Work task:
Take the listing below and print exactly the lines starting at the line containing "Good Pre-Owned Condition." and ending at the line containing "Length: 31 in.", both ends included, and no others.

Record extracts:
○ ○ ○ ○ ○ ○ ○

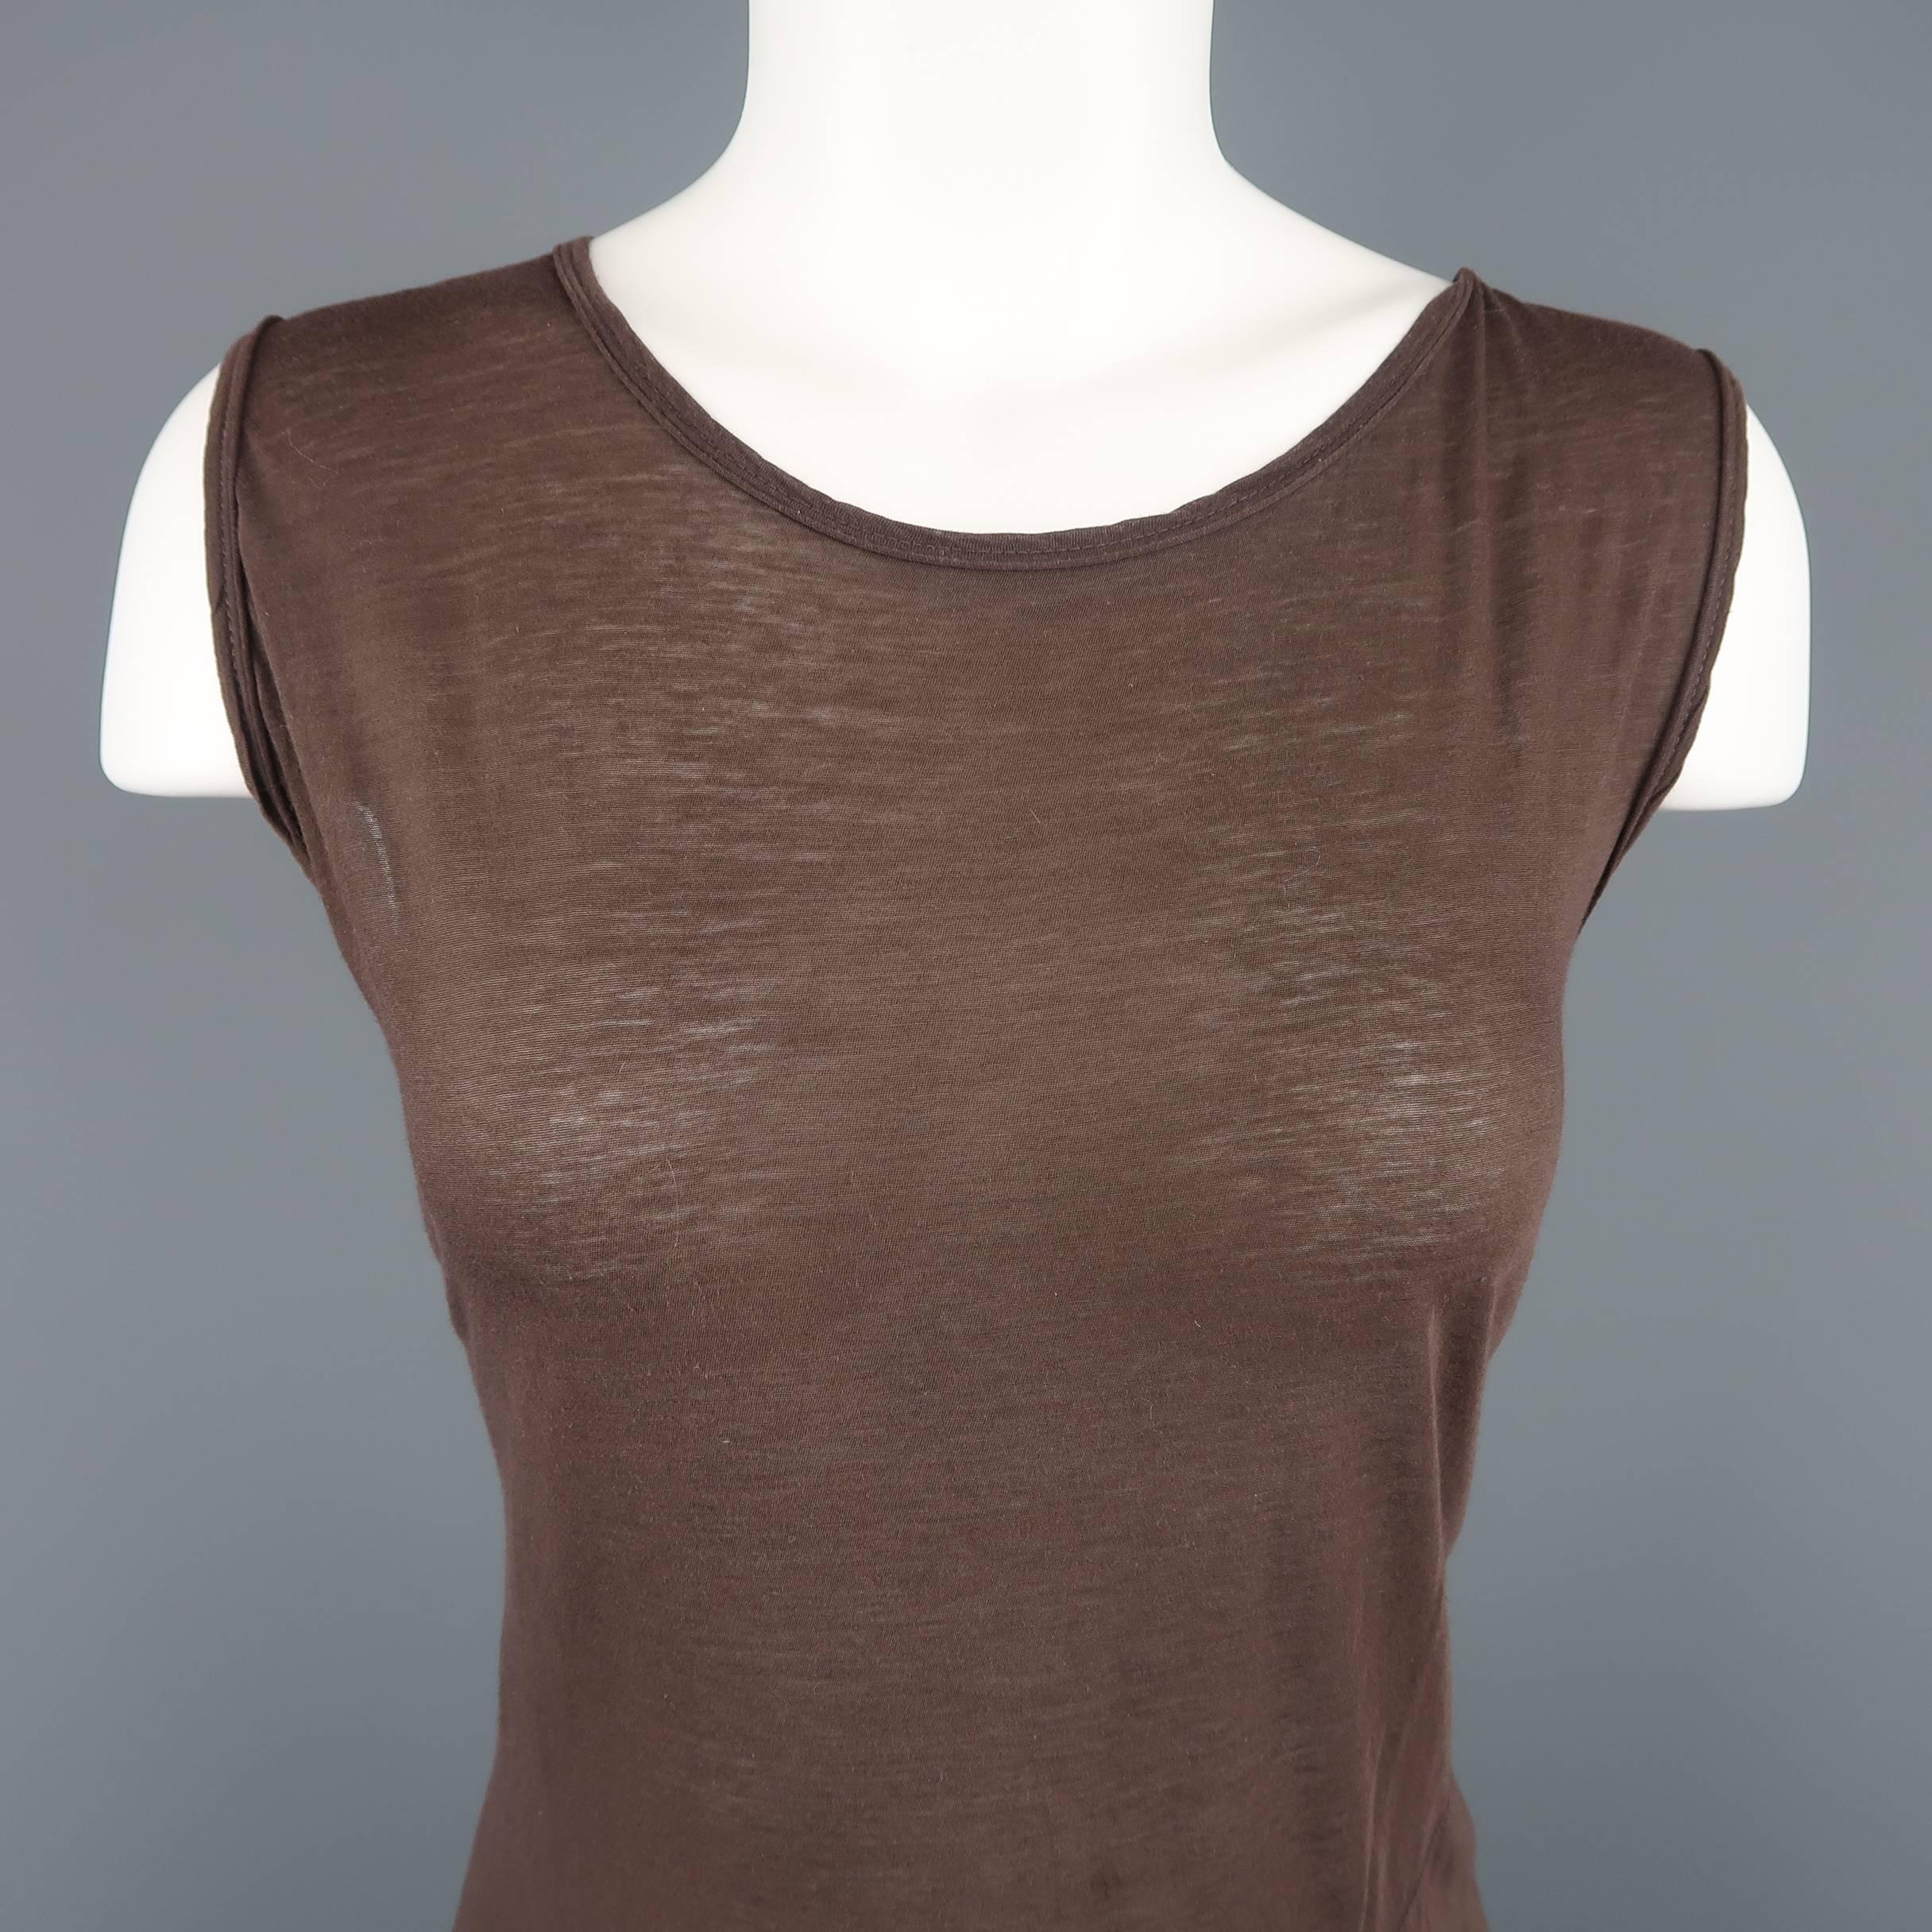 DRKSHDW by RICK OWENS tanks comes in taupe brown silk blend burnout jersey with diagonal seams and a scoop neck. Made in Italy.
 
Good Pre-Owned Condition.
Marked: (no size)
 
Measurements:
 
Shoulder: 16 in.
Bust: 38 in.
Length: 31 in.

○ ○ ○ ○ ○ ○ ○

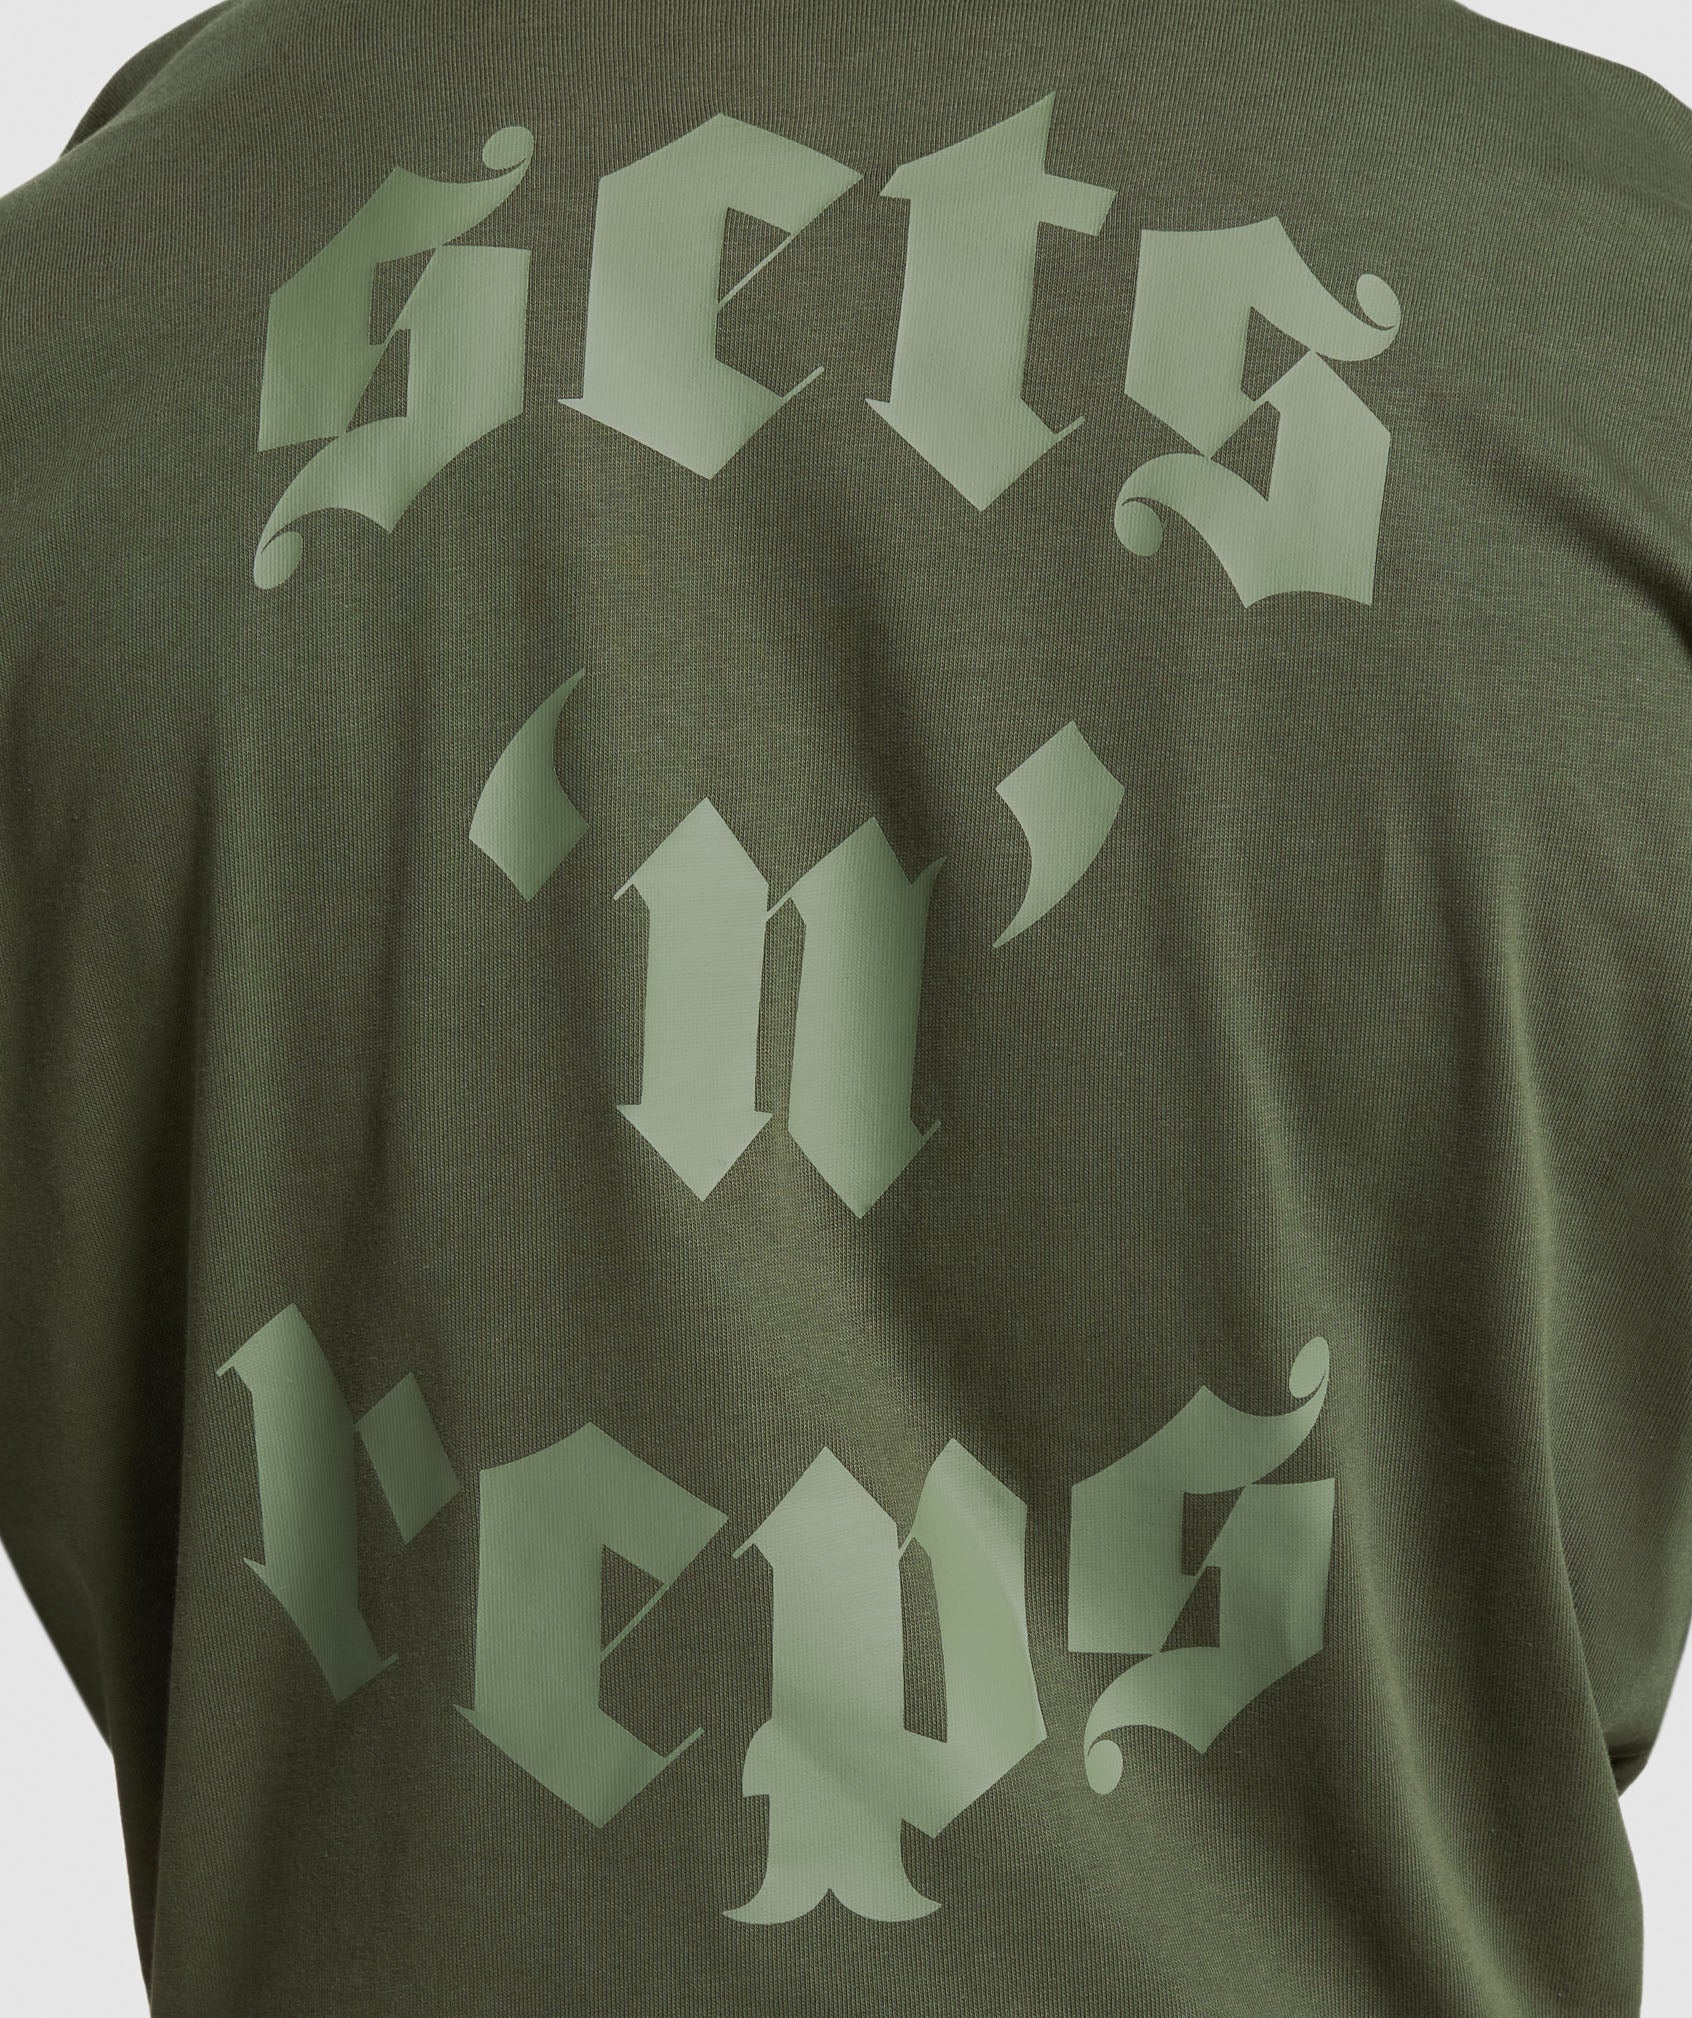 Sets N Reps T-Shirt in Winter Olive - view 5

○ ○ ○ ○ ○ ○ ○

Answer box:
Good Pre-Owned Condition.
Marked: (no size)
 
Measurements:
 
Shoulder: 16 in.
Bust: 38 in.
Length: 31 in.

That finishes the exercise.